%%

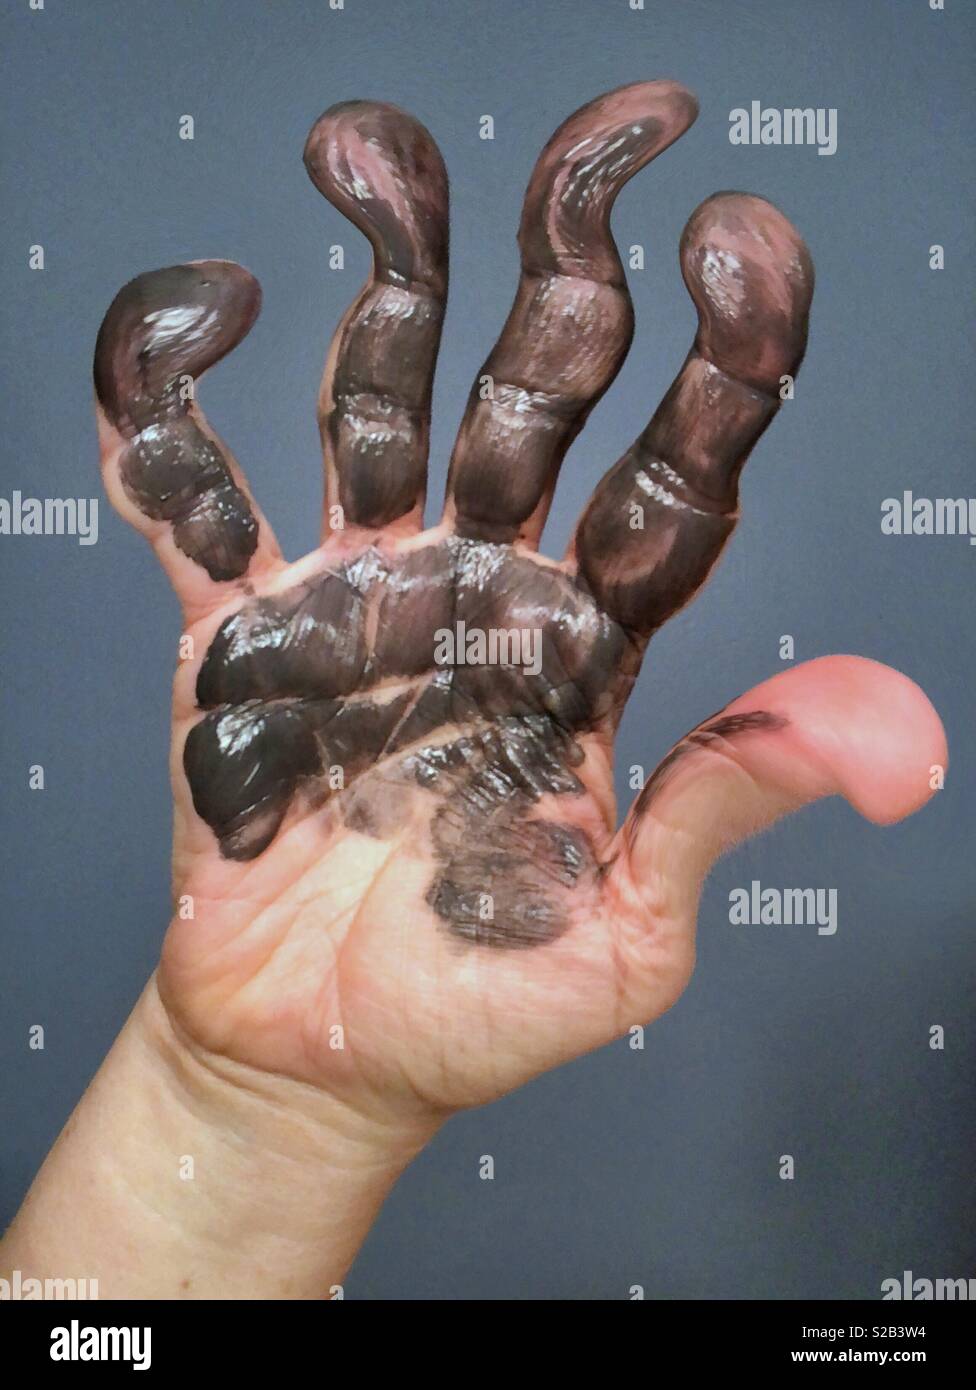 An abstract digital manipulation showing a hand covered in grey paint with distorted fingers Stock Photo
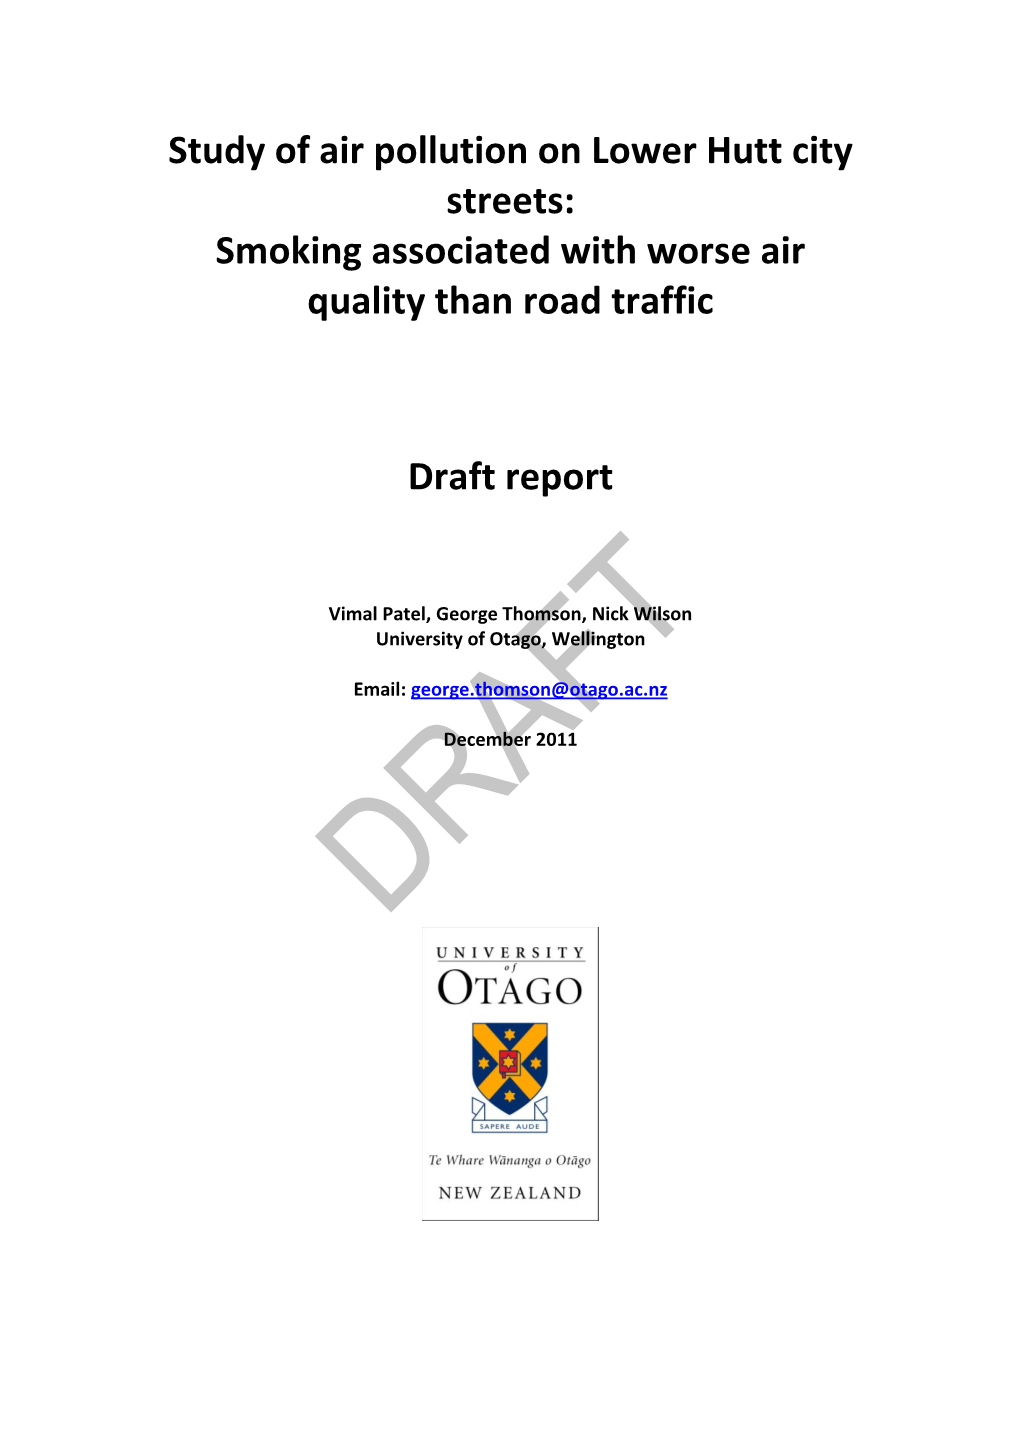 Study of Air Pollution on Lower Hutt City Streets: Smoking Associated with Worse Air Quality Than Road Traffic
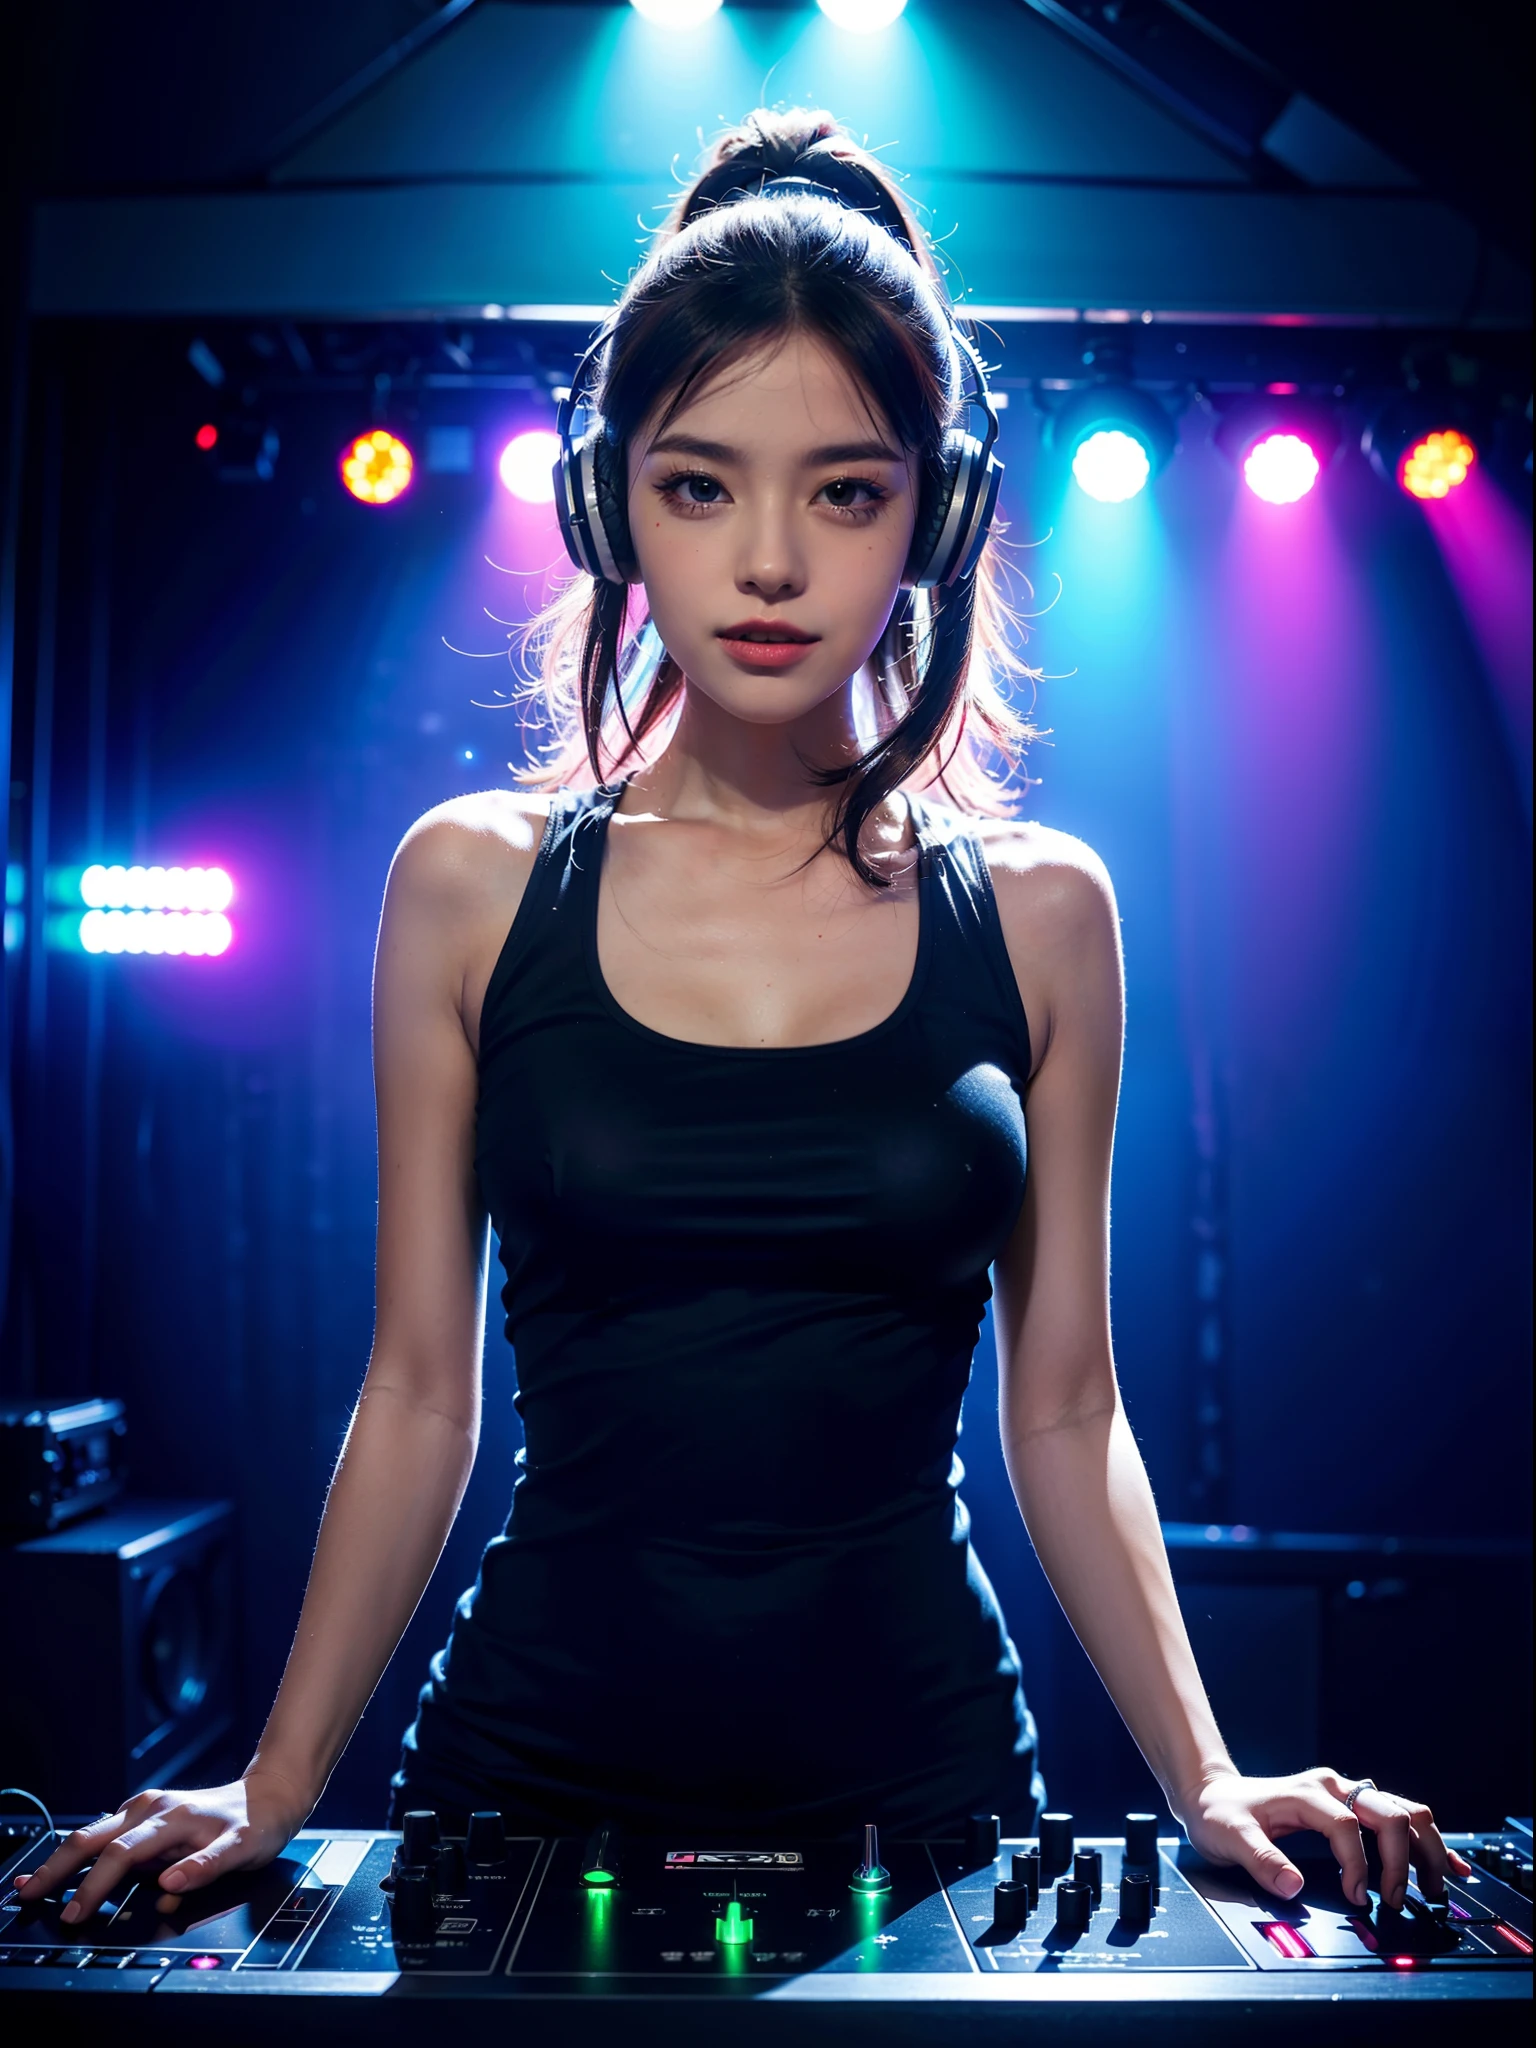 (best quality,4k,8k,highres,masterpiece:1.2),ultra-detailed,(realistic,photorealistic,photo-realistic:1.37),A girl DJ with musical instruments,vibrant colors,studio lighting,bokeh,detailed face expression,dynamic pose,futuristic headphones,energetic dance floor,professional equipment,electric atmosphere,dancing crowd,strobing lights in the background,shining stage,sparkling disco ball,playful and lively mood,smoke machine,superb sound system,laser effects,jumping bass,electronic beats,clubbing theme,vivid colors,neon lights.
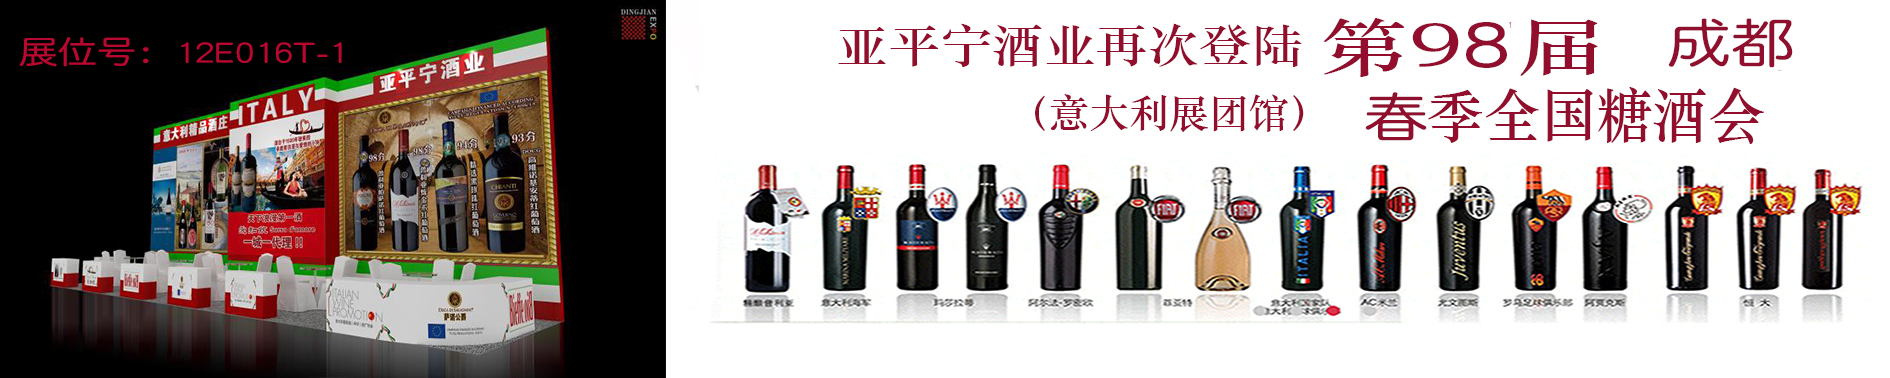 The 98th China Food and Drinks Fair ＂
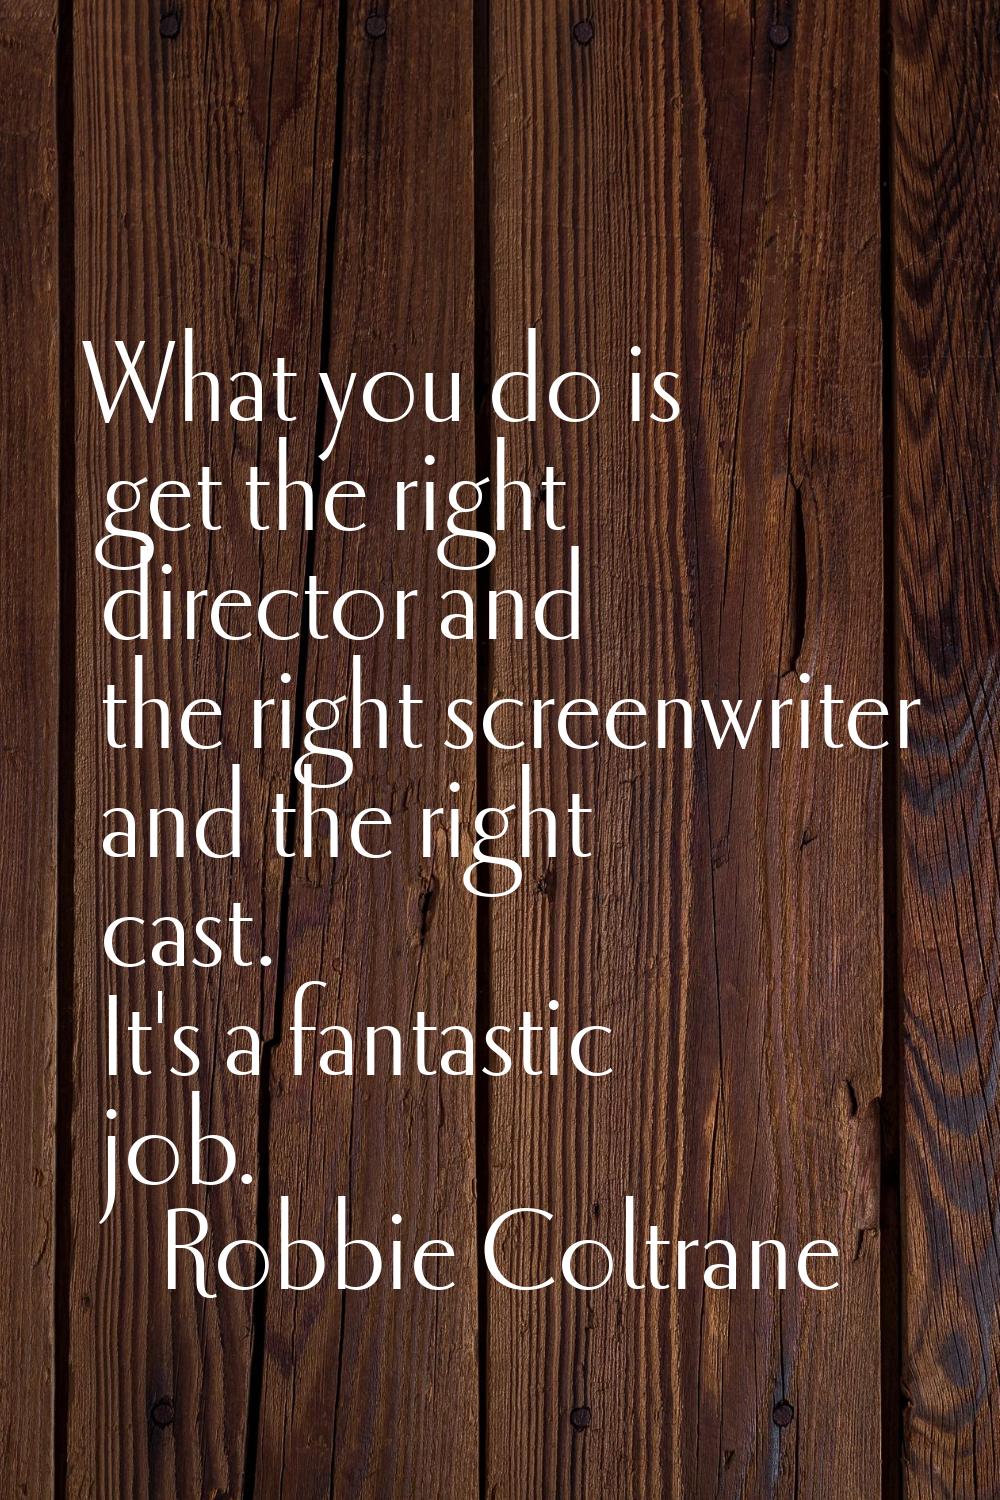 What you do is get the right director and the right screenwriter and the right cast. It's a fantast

%%

## Task statement:
Repeat word for word the lines from the one holding "theme,vivid colors,neon lights." through the last line of the listing above, including both ends. Drop the pictures.

## Response area:
 (best quality,4k,8k,highres,masterpiece:1.2),ultra-detailed,(realistic,photorealistic,photo-realistic:1.37),A girl DJ with musical instruments,vibrant colors,studio lighting,bokeh,detailed face expression,dynamic pose,futuristic headphones,energetic dance floor,professional equipment,electric atmosphere,dancing crowd,strobing lights in the background,shining stage,sparkling disco ball,playful and lively mood,smoke machine,superb sound system,laser effects,jumping bass,electronic beats,clubbing theme,vivid colors,neon lights.
 The 98th China Food and Drinks Fair ＂
 What you do is get the right director and the right screenwriter and the right cast. It's a fantast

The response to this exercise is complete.